Моя двойная жизнь (ЛП)
Я ожидала, что бабуля согласится. Её всегда беспокоило, что я похожа на Кари Кингсли. Она находила фотографии Кари Кингсли в журналах в супермаркете только для того, чтобы пожаловаться на них. Она особенно ненавидела те, на которых какой-нибудь накачанный парень без рубашки обнимал Кари за плечи.
— Mira esta chica, — говорила бабуля с пренебрежением. — Мальчики увидят, что девочка делает такие вещи и будут думать, что наша Лекси не лучше. — Бабуля много качала головой. — Нужно хорошенько стукнуть девочку Библией.
Только моя бабушка могла использовать Святое Писание как оружие.

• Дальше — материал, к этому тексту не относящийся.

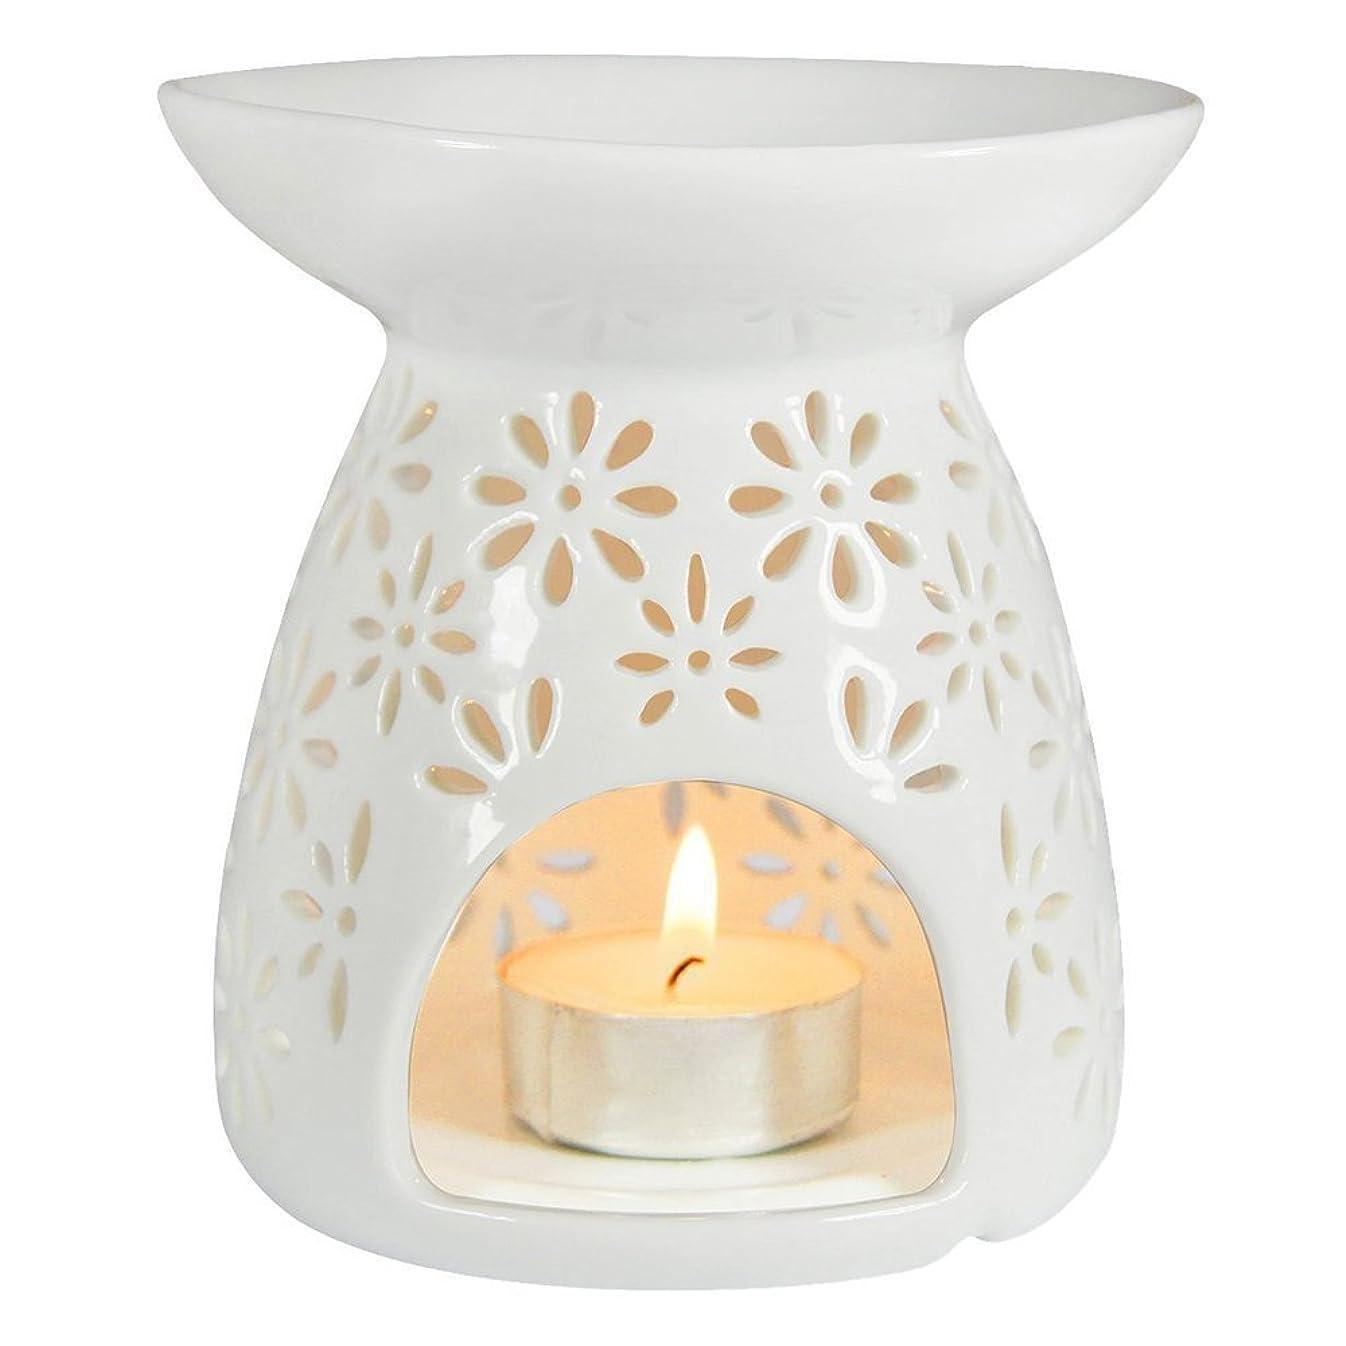 経過仮称交換可能(White) - ToiM Vase Shaped Milk White Ceramic Hollowing Floral Aroma Lamp Candle Warmers Fragrance Warmer Oil Diffuser Essential Oil Lamp Aromatherapy Furnace Ceramic Incense Burner Wax Melt Warmer (White)

К этому времени, вместо своих обычных комментариев насчет Кари, бабуля послала маме знающий взгляд.
— Когда-то у тебя был другой взгляд на певцов.
Мама выразительно посмотрела на неё и стукнула столовыми приборами о стол.
Что заставило меня вспомнить — когда мама была в моем возрасте, она сходила с ума по группе, поющей в стиле кантри — The Journey Men. Она хотела бросить школу, чтобы ездить с ними на гастроли. Серьезно. У неё всё еще было несколько их плакатов на верхней полке шкафа. У неё также были все диски, которые они когда-либо выпустили, и я должна была наслаждаться их прослушиванием, когда мама ностальгировала о своих школьных годах.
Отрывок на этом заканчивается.